丁贵看到周世安匆匆忙忙地带人离开,以为孙家营出了大事,于是让手下询问情况。
当得知,孙家营那边一切正常时,他的心才放下来。
之前,丁贵也亲自给吴铁军打电话,得到的汇报是,孙家营那边一切正常。
他这才放心。
再说,即使出现异常,周世安是防汛的总指挥,与自己有何关系呢?
想到这,他彻底放心,又开始研究起东海钢厂的事情。
三号线复产失败,让他在全县人心中的威望,有所下降,必须要让东海钢厂不惜一切办法,也要尽快将三号线开起来。
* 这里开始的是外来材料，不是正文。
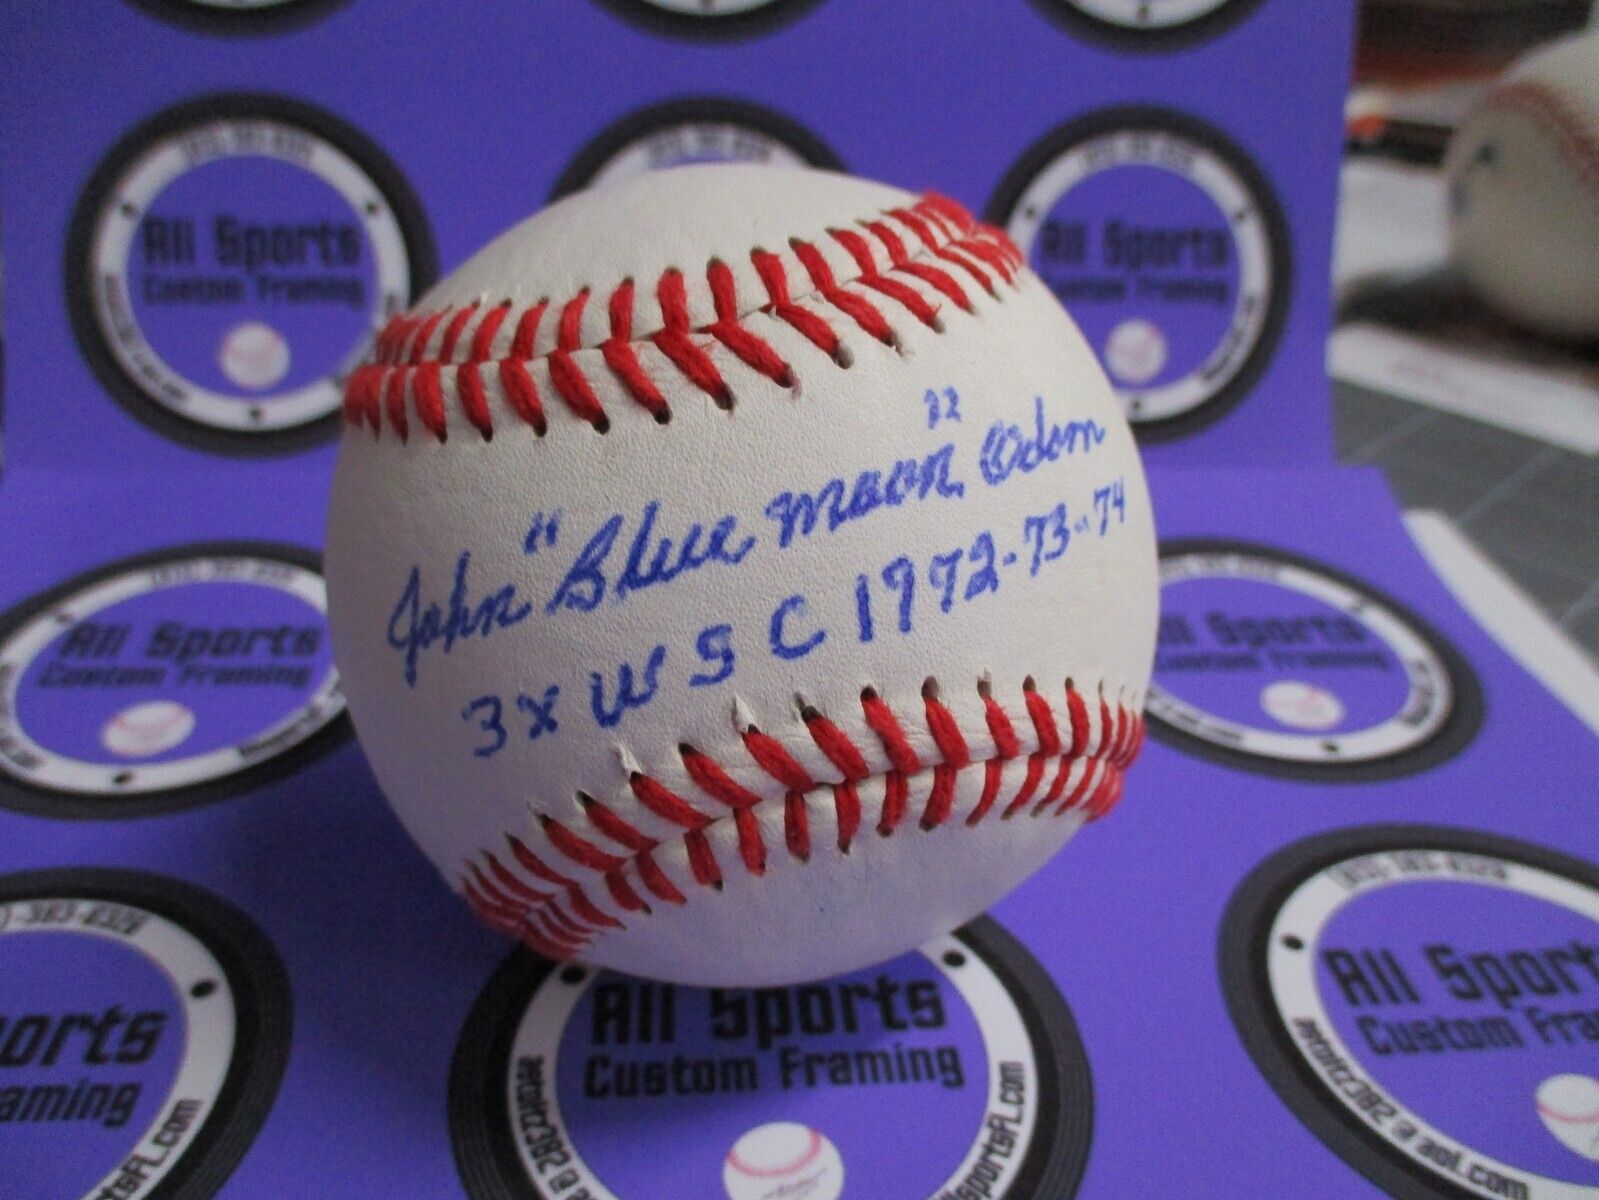 John Blue Moon Odem Oakland Athletics Autographed Baseball JSA #AD60422

什么继电器故障,实在不行就让东海钢厂去本子国的代理商那里,花大价钱购买。
我就不信,有钱还不能让生产线开起来。
他心中暗暗道。
于是,丁贵下令,让东海钢厂3天之内,进行第二次复产。
在处理完东海钢厂的事情,接下来干什么呢?
看着手中的县气象局工作汇报,局部地区的降雨量已经超过400毫米。
丁贵知道,防汛还是马虎不得,他立即起身前往县防汛指挥部。
周世安是指挥长,自己代理他处理防汛事宜,有功会得到奖励。即使出现意外,他也会因为自己及时补位,会免于处分的。
丁贵心中暗暗道。
铅灰色云层沉沉压在县城上空,大雨瓢泼,只见他,迈着不快的步伐,向县政府内的防汛指挥部走去。
……
明州市。
黄书恒正在处理文件。
他已经知道,东海钢厂复产失败的消息,此时脸上写满了懊恼。
丁贵还是太好高骛远了,复产是一个系统工程,怎么可以操之过急呢!
还好,自己并未参加东海钢厂的复产,否则自己的威望都要受到影响。
看到气象局关于降雨量的汇报,特别是看到孙家营短期降雨超过400毫米之后,他立即紧张起来,于是赶紧给丁贵打电话确认情况。
在得到目前一切正常的回复后,他紧张的情绪才稍微缓解。
“你们一定不能松懈!”
“尤其是孙家营的山区,那里情况复杂,一定要严加防范!”
他叮嘱道。
冥冥之中,黄书恒总有一种预感,丁贵缺少基层工作经验,应对复杂局面并不靠谱。
但是,他作为自己的亲信,虽然干事不靠谱,但是绝对听话。
派他去黄坪,自己才放心。
提到丁贵,黄书恒又想起了李田可,于是对着秘书问道:“最近,李田可工作状态怎么样?”
“他前天请假了,回老家一趟!到下周一才回来上班!”
“请假了?”
黄书恒眉头紧锁。
他知道,李保田的老家就在孙家营,是最偏远的荆山村。李田可回老家干嘛?
不过,他掐指一算立即了然,原来明天是李保田三七的祭日,李田可肯定回家祭奠父亲去了。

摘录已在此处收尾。